Reallöhne steigen wieder – Einkommensungleichheit auch

Zeichnung: Bernd Bücking. entnommen aus: wirtschaftsinfo 42, S. 4
Zeichnung: Bernd Bücking. entnommen aus: wirtschaftsinfo 42, S. 4
Zeichnung: Bernd Bücking. entnommen aus: wirtschaftsinfo 42, S. 4

Zu Beginn dieser Woche gingen die Tarifverhandlungen für 2,1 Millionen Beschäftigte des öffentlichen Dienstes (Bund und Kommunen) in die zweite Runde. Die Gewerkschaft Ver.di fordert unter anderem eine Erhöhung der Löhne und Gehälter um sechs Prozent. „Viel zu hoch!“ konterte Innenminister de Maiziere, der Verhandlungsführer des Bundes. Die Erhöhung der Diäten der Abgeordneten des Bundestages in den Jahren 2014 und 2015 um insgesamt 10,1 Prozent ( = 830 Euro) dagegen ging für ihn in Ordnung. Als Minister bekommt er zwar nur die halben Abgeordneten-Diäten, aber zusammen mit seinem – ebenfalls erhöhten – Ministergehalt kommt er inzwischen auf satte 20.000 Euro monatlich. Ver.di begründet die Forderung unter anderem mit einem Nachholbedarf im Vergleich zur Gesamtwirtschaft.

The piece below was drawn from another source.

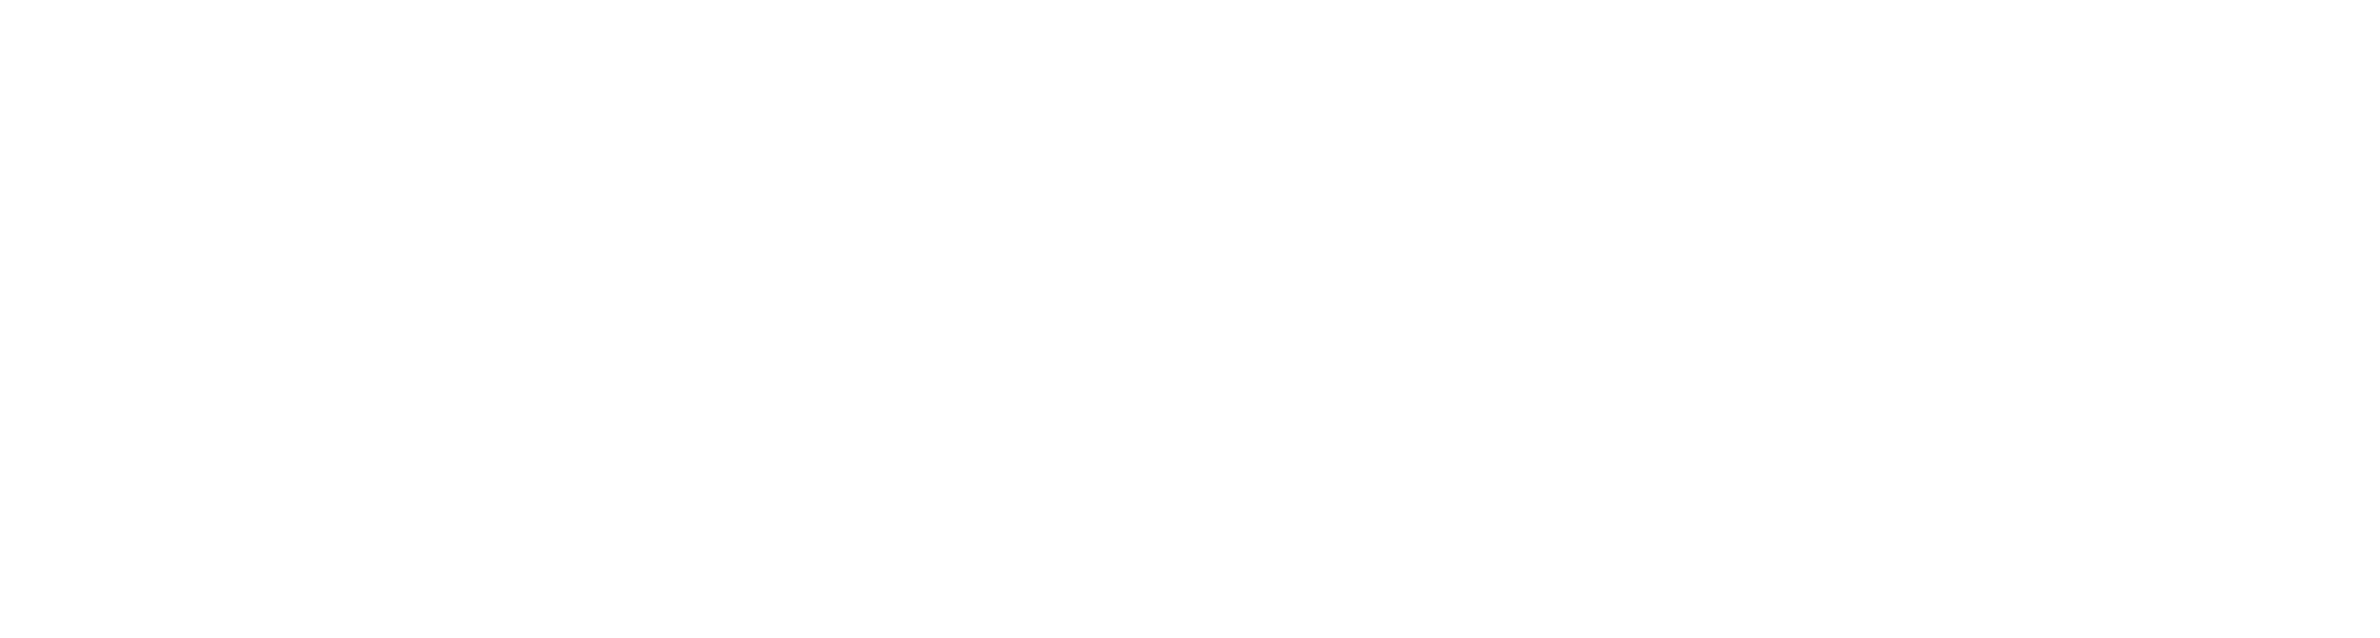 Brain Based Conversation Skills logo

Seit 2000 seien die Tariflöhne beim Staat um 37 Prozent gestiegen, in der Gesamtwirtschaft dagegen um mehr als 41 Prozent.

Insgesamt hat die Lohnungleichheit in der deutschen Wirtschaft in den vergangenen Jahren stark zugenommen, wie auch folgende Analyse deutlich macht.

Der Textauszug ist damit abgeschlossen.